### YOUR TASK
Look through the records below for the line holding "Hiệp hội doanh". Write it out exactly, with each following line through the line holding "Vera Bradley Purse".

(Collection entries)
━━━━━━━━━━━━━━━━━━━━━━━━━━━━━━

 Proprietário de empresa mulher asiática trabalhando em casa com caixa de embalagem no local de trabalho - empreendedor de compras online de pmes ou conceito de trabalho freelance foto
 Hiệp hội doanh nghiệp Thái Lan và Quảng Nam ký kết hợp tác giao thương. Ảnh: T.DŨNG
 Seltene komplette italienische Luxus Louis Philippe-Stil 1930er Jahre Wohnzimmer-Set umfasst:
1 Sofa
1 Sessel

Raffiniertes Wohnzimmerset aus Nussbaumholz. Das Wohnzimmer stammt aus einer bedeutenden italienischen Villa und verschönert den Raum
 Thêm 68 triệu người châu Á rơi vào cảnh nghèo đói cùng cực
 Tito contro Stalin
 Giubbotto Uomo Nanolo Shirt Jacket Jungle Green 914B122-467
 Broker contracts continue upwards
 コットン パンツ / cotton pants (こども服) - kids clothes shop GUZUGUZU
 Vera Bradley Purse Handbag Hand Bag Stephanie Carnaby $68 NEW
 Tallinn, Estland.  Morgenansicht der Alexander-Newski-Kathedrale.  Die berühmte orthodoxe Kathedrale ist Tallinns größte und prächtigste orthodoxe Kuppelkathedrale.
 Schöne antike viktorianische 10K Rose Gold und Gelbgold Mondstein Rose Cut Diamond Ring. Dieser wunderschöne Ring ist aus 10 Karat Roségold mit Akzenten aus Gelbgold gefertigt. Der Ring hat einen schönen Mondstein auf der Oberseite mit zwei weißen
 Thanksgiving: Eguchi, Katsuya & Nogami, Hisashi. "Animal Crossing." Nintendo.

━━━━━━━━━━━━━━━━━━━━━━━━━━━━━━

### ANSWER TO THIS TASK
 Hiệp hội doanh nghiệp Thái Lan và Quảng Nam ký kết hợp tác giao thương. Ảnh: T.DŨNG
 Seltene komplette italienische Luxus Louis Philippe-Stil 1930er Jahre Wohnzimmer-Set umfasst:
1 Sofa
1 Sessel

Raffiniertes Wohnzimmerset aus Nussbaumholz. Das Wohnzimmer stammt aus einer bedeutenden italienischen Villa und verschönert den Raum
 Thêm 68 triệu người châu Á rơi vào cảnh nghèo đói cùng cực
 Tito contro Stalin
 Giubbotto Uomo Nanolo Shirt Jacket Jungle Green 914B122-467
 Broker contracts continue upwards
 コットン パンツ / cotton pants (こども服) - kids clothes shop GUZUGUZU
 Vera Bradley Purse Handbag Hand Bag Stephanie Carnaby $68 NEW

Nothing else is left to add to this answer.